Dataset items
↓
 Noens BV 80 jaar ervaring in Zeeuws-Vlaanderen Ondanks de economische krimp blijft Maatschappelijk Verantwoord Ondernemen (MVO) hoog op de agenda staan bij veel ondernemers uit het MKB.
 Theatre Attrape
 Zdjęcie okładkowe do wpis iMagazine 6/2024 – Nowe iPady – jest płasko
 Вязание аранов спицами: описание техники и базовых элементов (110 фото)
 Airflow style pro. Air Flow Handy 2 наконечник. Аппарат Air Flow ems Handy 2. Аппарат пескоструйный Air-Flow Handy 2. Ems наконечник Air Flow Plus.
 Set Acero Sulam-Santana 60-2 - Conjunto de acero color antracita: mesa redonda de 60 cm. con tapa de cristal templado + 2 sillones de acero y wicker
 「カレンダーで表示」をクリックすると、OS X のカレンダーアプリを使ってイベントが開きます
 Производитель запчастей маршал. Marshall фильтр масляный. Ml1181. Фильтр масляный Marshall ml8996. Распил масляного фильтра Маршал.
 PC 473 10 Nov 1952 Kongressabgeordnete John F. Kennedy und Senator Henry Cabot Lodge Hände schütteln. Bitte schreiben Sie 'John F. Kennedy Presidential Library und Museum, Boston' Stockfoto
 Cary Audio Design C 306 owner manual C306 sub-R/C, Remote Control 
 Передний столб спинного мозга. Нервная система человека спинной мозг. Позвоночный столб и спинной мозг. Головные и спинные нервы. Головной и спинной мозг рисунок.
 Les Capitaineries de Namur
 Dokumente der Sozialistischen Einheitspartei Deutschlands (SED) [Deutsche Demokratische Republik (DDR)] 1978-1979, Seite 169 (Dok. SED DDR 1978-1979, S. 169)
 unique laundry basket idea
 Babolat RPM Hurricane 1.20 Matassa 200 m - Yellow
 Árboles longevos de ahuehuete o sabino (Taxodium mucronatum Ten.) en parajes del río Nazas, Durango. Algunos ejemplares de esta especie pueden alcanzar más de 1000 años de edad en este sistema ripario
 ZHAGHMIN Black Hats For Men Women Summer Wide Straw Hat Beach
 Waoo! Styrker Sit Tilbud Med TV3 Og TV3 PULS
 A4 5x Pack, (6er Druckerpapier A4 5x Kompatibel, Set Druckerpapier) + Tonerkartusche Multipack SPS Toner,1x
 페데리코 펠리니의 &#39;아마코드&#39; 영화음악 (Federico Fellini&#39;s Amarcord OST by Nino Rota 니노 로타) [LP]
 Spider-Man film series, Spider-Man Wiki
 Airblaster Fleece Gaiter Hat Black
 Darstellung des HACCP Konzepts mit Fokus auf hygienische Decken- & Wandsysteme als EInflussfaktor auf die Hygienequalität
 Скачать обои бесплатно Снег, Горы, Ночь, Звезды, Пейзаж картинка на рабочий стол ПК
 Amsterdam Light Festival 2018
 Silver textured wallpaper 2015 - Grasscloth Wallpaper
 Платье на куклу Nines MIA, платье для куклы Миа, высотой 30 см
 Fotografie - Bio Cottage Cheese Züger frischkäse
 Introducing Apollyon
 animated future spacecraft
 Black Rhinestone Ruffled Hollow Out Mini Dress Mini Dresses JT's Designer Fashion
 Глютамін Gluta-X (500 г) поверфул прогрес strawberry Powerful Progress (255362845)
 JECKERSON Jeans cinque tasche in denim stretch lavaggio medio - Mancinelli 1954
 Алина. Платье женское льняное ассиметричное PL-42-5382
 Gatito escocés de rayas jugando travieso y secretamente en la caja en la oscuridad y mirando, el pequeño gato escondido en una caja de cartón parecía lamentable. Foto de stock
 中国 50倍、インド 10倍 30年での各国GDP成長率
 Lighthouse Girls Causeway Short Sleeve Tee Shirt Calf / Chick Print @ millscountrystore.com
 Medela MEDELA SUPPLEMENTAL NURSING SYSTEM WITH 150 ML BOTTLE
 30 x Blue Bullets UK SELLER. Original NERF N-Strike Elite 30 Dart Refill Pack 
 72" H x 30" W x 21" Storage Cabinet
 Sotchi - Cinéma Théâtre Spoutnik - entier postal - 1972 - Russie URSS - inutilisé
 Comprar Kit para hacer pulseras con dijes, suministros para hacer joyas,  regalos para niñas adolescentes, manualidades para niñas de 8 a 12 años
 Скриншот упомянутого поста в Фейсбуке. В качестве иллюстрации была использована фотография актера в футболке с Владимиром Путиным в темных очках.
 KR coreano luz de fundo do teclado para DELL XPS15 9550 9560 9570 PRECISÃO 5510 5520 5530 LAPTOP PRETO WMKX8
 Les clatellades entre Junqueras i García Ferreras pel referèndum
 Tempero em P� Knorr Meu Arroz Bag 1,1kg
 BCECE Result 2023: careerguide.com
↑
§ **What the exercise asks**
Find the string "Pack" in the entries above and return each line that holds it.

§ **Result for this task**
 A4 5x Pack, (6er Druckerpapier A4 5x Kompatibel, Set Druckerpapier) + Tonerkartusche Multipack SPS Toner,1x
 30 x Blue Bullets UK SELLER. Original NERF N-Strike Elite 30 Dart Refill Pack 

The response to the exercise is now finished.